A última vez em que vira aquela idiota, Lauren se esmerara em humilhá-la em grande estilo.

Lauren não teria uma segunda chance.

Aprumando os ombros, Camila limpou a garganta.

– Suponho que tenha entrado para a equipe na semana passada, certo? – perguntou.

Para encorajar a ilusão do profissionalismo, pegou um bloco e uma caneta esperando desesperadamente que as mãos não estivessem trêmulas.

– Sim. Basicamente peguei do ponto onde Joss parou. A equipe é ótima, no controle de tudo – disse Lauren.

Camila experimentou um arrepio diante da forma presunçosa como que ela fez o elogio. Como se tivesse sido ela a escolher e treinar a equipe pessoalmente e não Camila. Como se estivesse dizendo algo que ela não soubesse.

– Sim, é uma ótima equipe. Muito experiente. Fiquei surpresa que Selena não tenha considerado escolher um deles para segurar o rojão até o retorno de Joss.
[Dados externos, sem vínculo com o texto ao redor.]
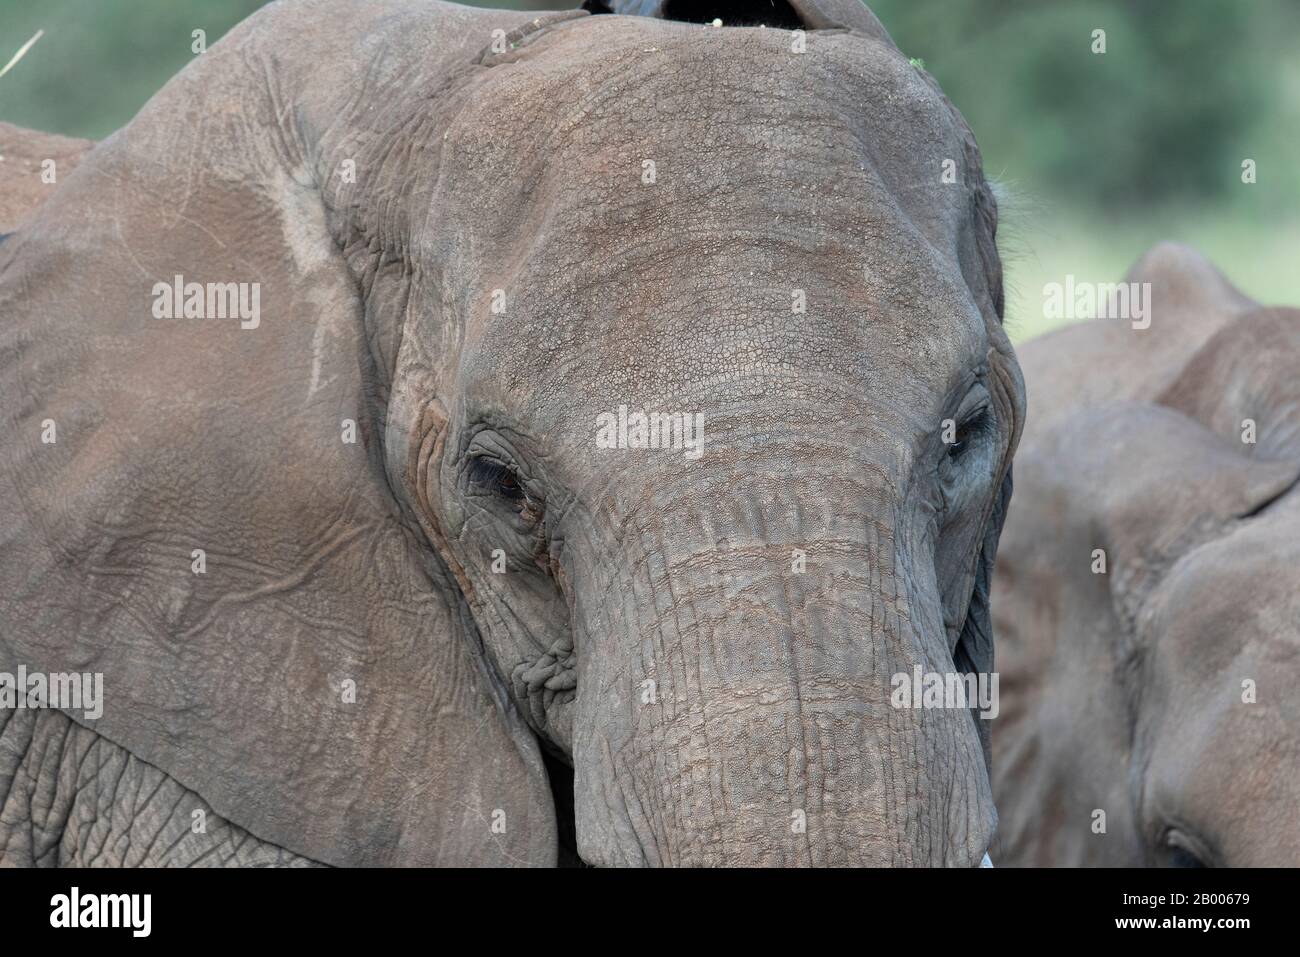 La texture de la peau de cet éléphant était si sèche et rugueuse. Si près du véhicule de safari c'est tout ce qui est installé dans ma photo. Banque D'Images

No instante em que as palavras lhe escaparam dos lábios, Camila soube que cometera um erro tático. Para começar, nenhum dos membros da equipe estava no estágio de assumir o programa de imediato. E Lauren saberia disso após passar uma semana com eles. A Idiota!

Segundo e mais importante, acabara de entregar seu jogo. Lauren sabia que ela não a queria ali. Podia ver aquilo refletido nos olhos verdes, juntamente com o fato de que não dava a menor importância à sua opinião.

– Acho que deveria conversar com Selena sobre isso – Lauren deu de ombros, extremamente frio.

Camila engoliu em seco o xingamento que instintivamente lhe veio aos lábios.

– Já que você se adaptou tão bem, é melhor irmos direto ao que interessa – disse ela com voz tensa, determinada a não lhe dar mais nenhuma vantagem.

– Claro. Quer que eu recapitule os episódios da última semana ou teve oportunidade de lê-los antes de voltar? – perguntou Lauren.

Camila resistiu à ânsia de lhe dar uma resposta defensiva, culpando o voo atrasado pela sua falta de preparo. Ela era a chefe de Lauren e não o contrário.

– Basta me atualizar sobre os pontos principais – respondeu, calma.

– Claro.

Inclinando a cadeira um pouco para trás, Camila juntou as pontas dos dedos das duas mãos e tentou uma expressão confiante e controlada.

Qualquer coisa para sobreviver àquele primeiro encontro com a dignidade intacta.